Here is what he lists as some views they could responsibly reflect:

“…in favor of reducing the role of government in many areas of life and expanding the role of the market.

There are similarly serious arguments in favor of immigration restrictions, abortion restrictions, a more hawkish Syria policy, more competition in education and any number of other conservative positions.”


I looked at these and said, “Wait a minute!”

I am dismayed at the ignorance and ham-handedness of government a lot, and I see a lot to like in a market, if the market is governed properly, and I see a lot wrong with the way regulation works, and the way government works.  I see a lot to dislike in the modern corporation and the corporate-dominated state.

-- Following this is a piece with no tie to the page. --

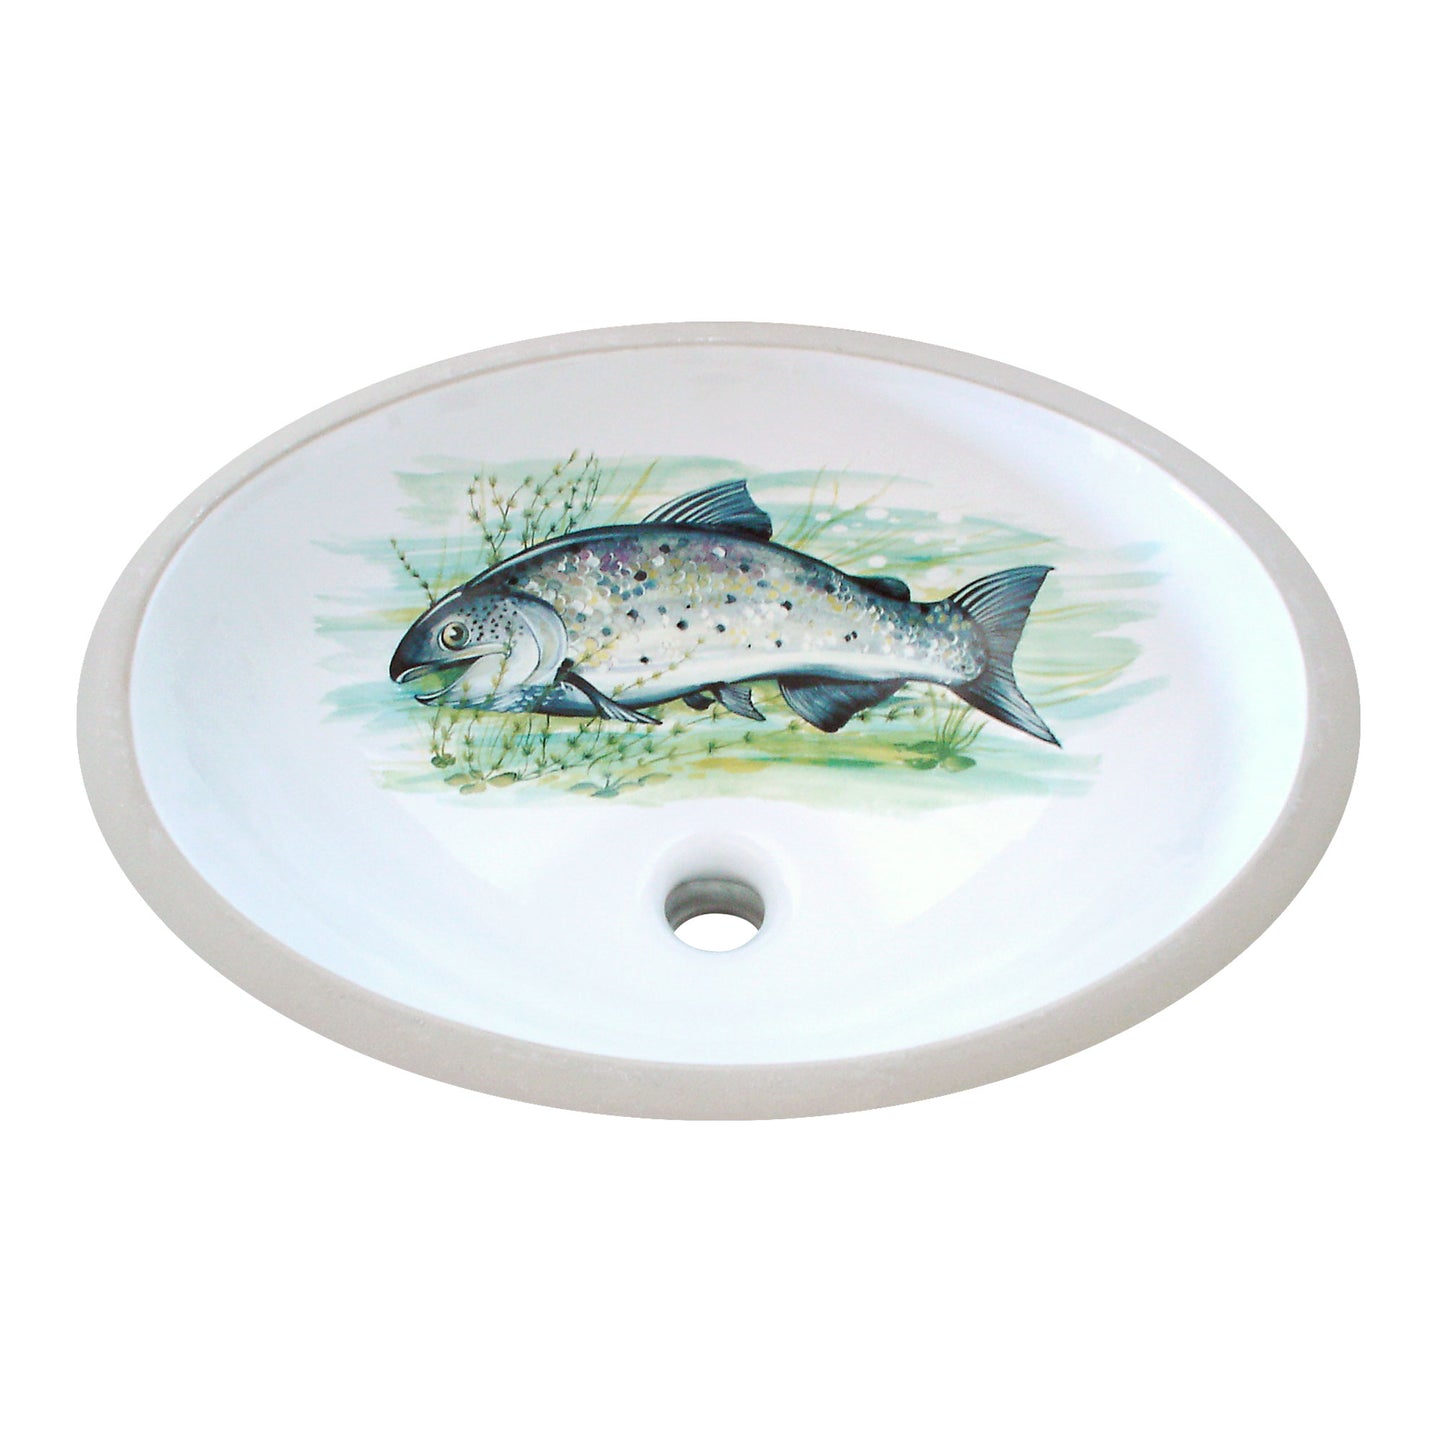 Beautifully hand painted salmon swimming in seaweed in shades of green and blue on an under mount sink make it a perfect fit for a lodge or fishing cabin. 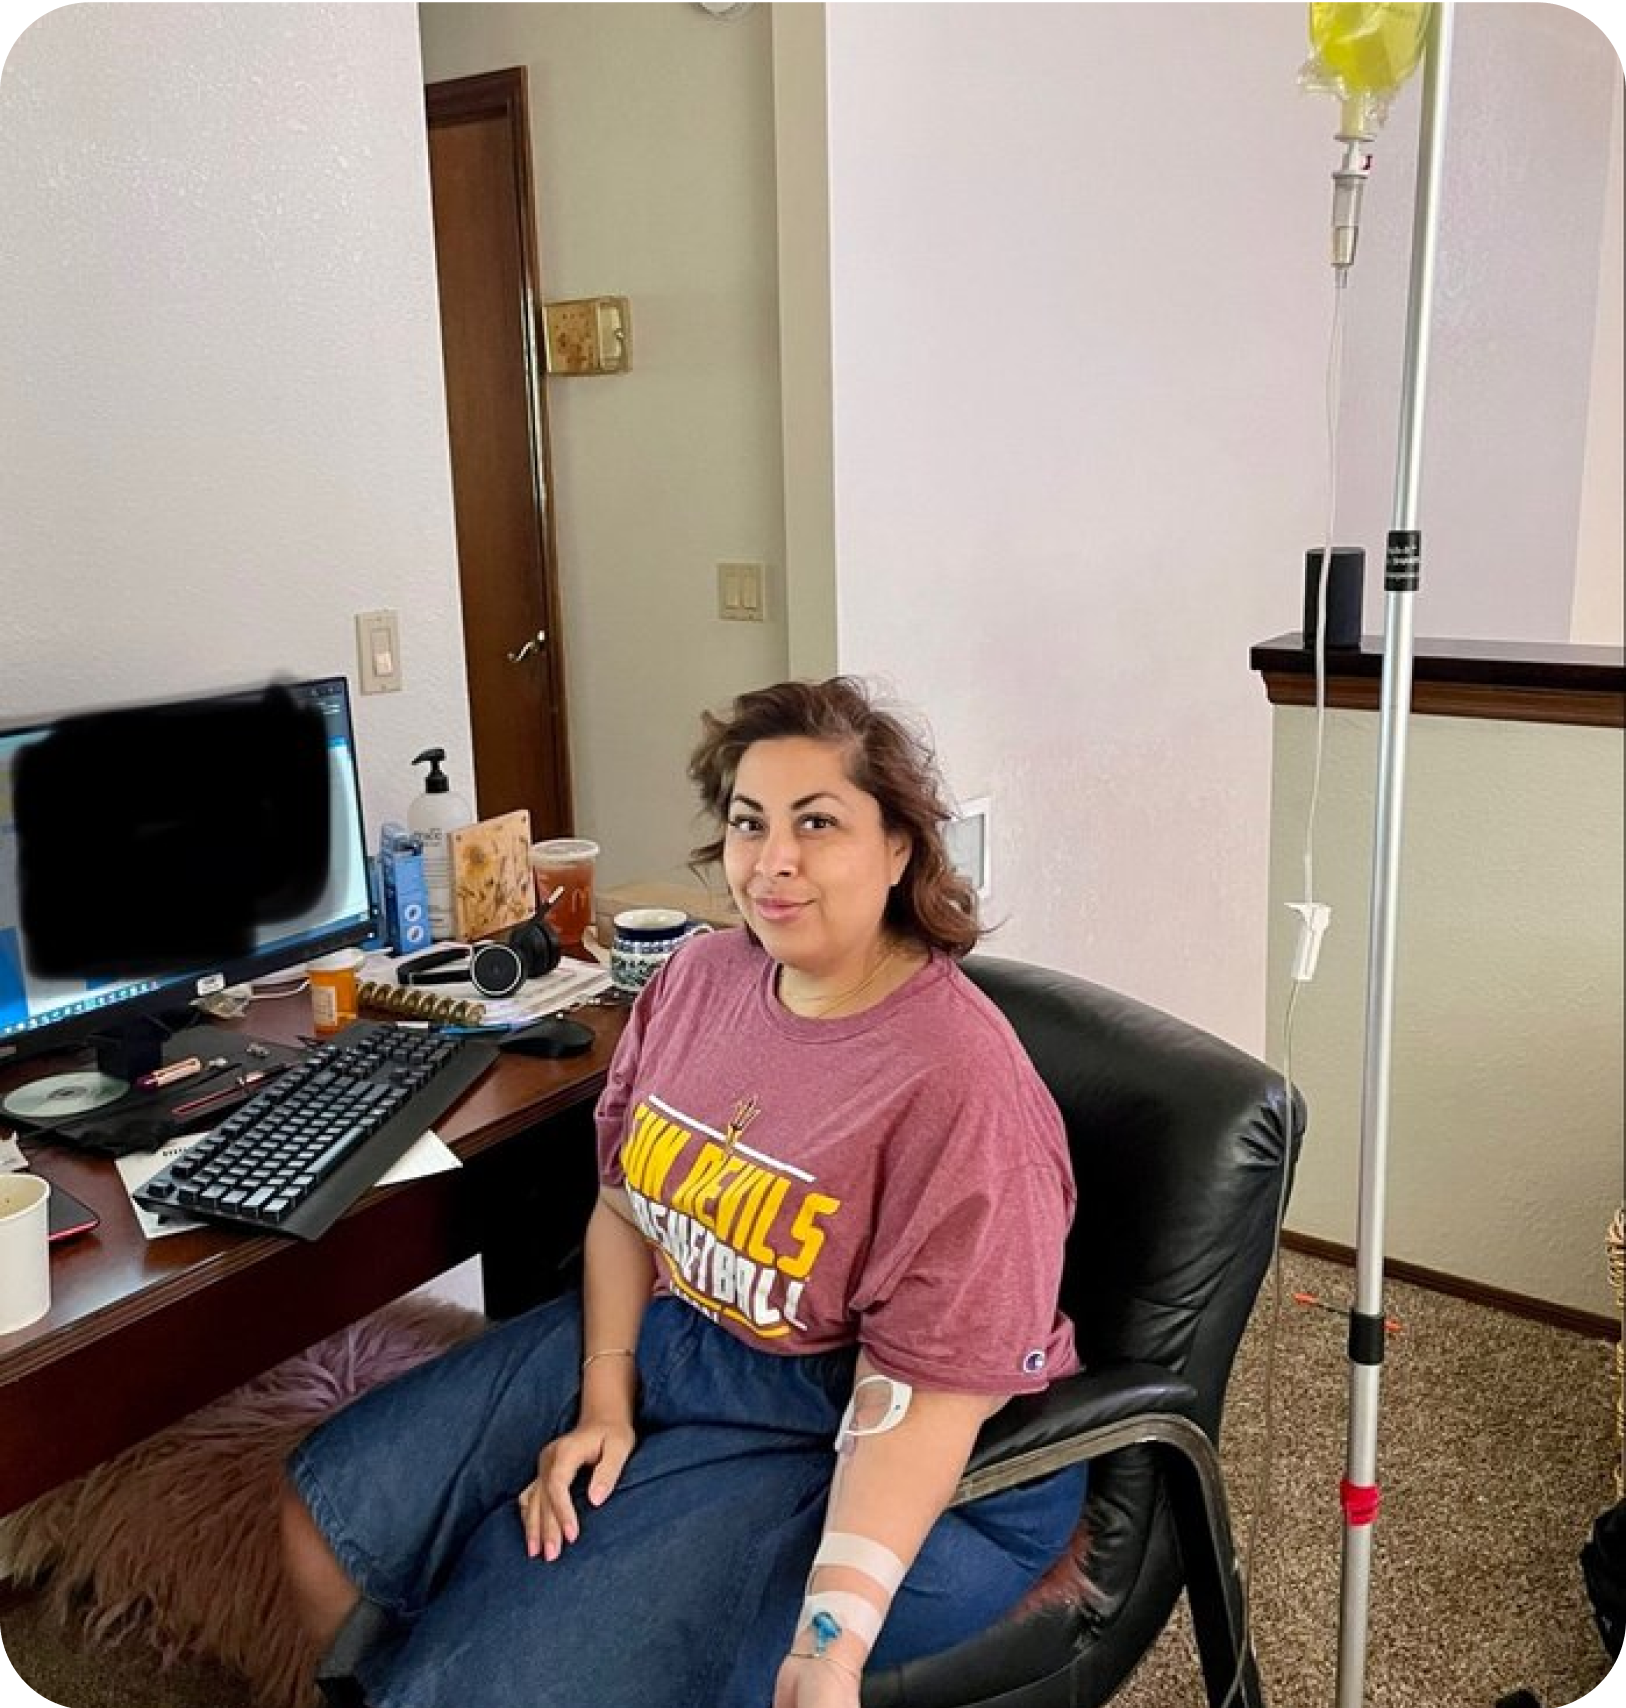 A woman is sitting in a chair with an iv in her hand

I’ve posted about immigration — I can see virtue in helping people in need, but there is a difference between that and welcoming people who want to keep their own culture and live their life that way when they are here.  If they want to learn English and live as Americans, then they should be able to come.  Otherwise, just take a timeout here until they can go back.  So I say there needs to be a middle ground, where we can be humanitarian but still safeguard American culture, at least to some extent.

Abortion - nah!  I’m for abortion, as necessary, on demand, only restricted when the fetus is viable.

Syria hawkish policy — hell yeah!  I think we should have bombed the Damascus airfield when the Red Line was crossed, and I don’t see “working with Russia.”  Russia is a hellhole.  Politically, how did they ever help the world except for WWII, which was in their own national interest?  Political ideas from Russia?  Anyone?  Culture OK, politics not OK.  And now, true to form, it’s Russian nationalism pure and simple.  Yes, it’s hard to get into Syria and distinguish opposition to an awful regime, war criminals (along with the Russians), from those who would have an Islamist state.  But it would have been good to hobble the regime, and now to establish some safety zones.

More competition in education — absolutely!  Public schools will never change from within, ever, and they are shortchanging everyone.

So, color me shocked by recognition.  I still can’t picture myself as a conservative.  Notice he doesn’t say anything about income distribution, or strengthening equal access to success.  Those are important.

My friend Colleen Kraft, with whom I share a Myers-Briggs classification (ENTP), and with whom I generally agree, says I’m socially liberal and fiscally conservative.  My old friend Jonathan Gross, who I think is conservative, says I’m a centrist.  Oh, God.  Maybe that’s just what I am.  That sounds so dorky!  I want to be vibrant, alive, incisive!  I guess a centrist could be that.  I dunno.  I think Snowden did us a big favor and should get a year, maybe, suspended if possible.  Is that Centrist?  I dunno.

I guess you have to wear what fits you.  Sigh!